= Glossary of Baseball5 terms =

This is a glossary of terminology used in Baseball5. Many terms which are used in Baseball5 also appear in baseball (see Glossary of baseball terms).

== B ==

=== Batter's box ===
The batter's box is a square area diagonally adjacent to home plate which the batter must remain in while hitting the ball (the lines are part of the box.) It is drawn by extending the foul lines 3 meters into foul territory.

== F ==

=== Fence ===
See outfield fence.

== M ==

=== Midfielder ===
The midfielder is a defender who stands roughly in between first and third base (around the same region that a baseball pitcher would stand in.)

== N ==

=== No-hit zone ===
The no-hit zone is an area that incorporates the home plate corner of fair territory which is treated equivalently to foul territory i.e. the batter is out if they hit the ball into the ground in this zone.

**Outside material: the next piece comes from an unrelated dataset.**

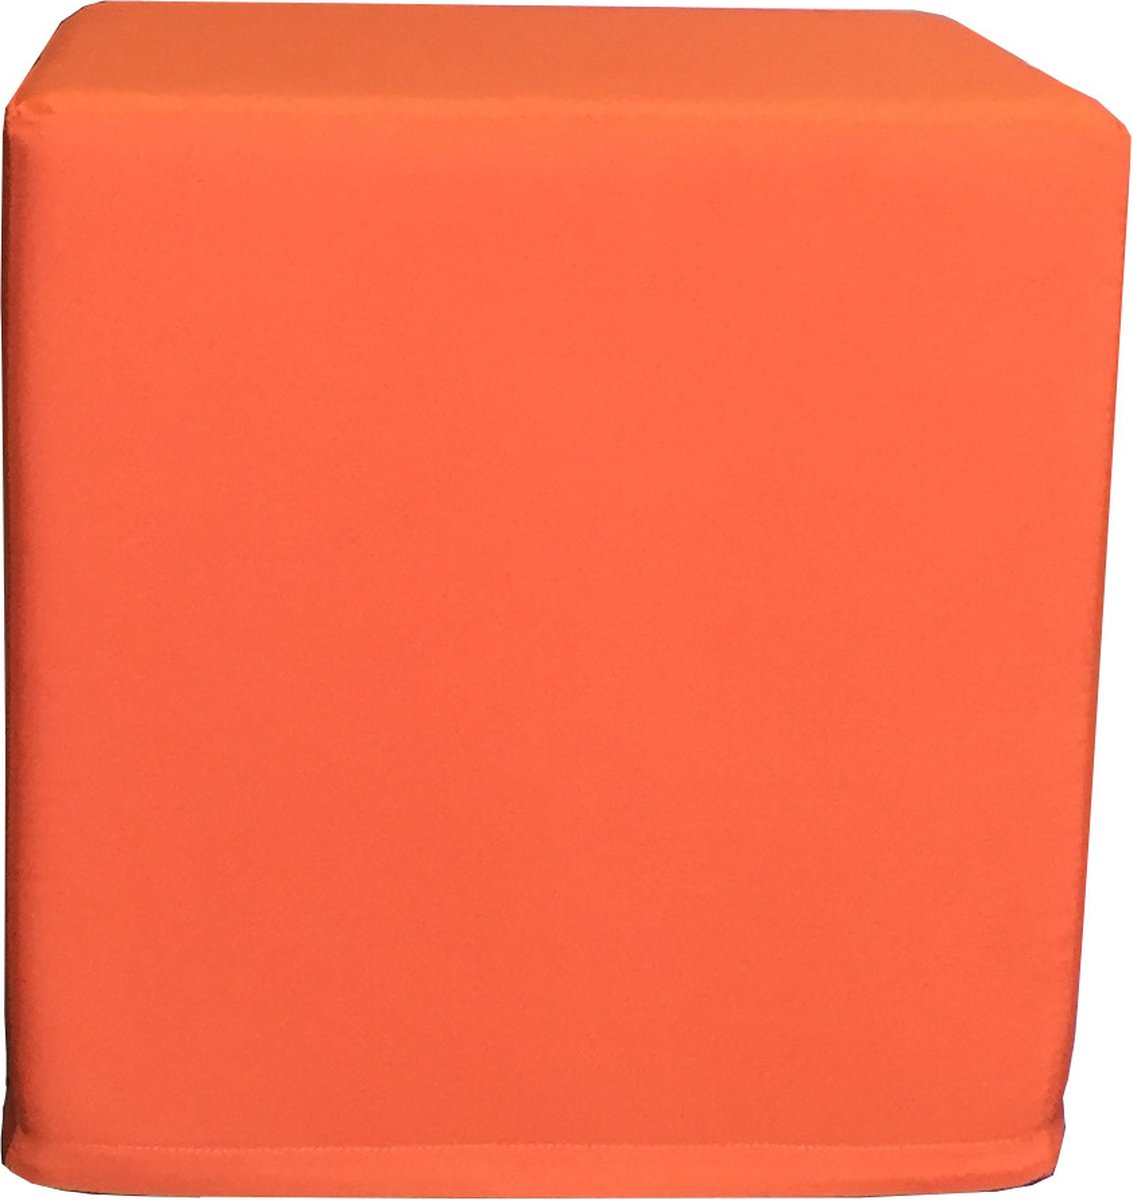 Tubbli Poef oranje kind 30 centimeter kinder waterproof vele kleuren zeer sterk.

The zone itself is a triangular area, with two of its lines being coterminous with the foul lines and the third line being drawn between two points, each of which is 4.5 meters (or 3 meters for the U-15 age category) down a foul line from the batter's box.

== O ==

=== Outfield fence ===
The outfield fences are the boundary of the field on the edge of the outfield. They are recommended to be 1 meter tall, though there is no requirement to have fences per se as the boundary of the field (i.e. lines can be drawn instead to demarcate the outer boundary of the outfield.)

== S ==

=== Safe area ===
The safe area is an area next to first base in which the batter is safe from being tagged. It is a 1.5-meter rectangle with the same width as first base, being adjacent to the foul territory-first base, and with its longer sides running in the same direction as the first base-foul line.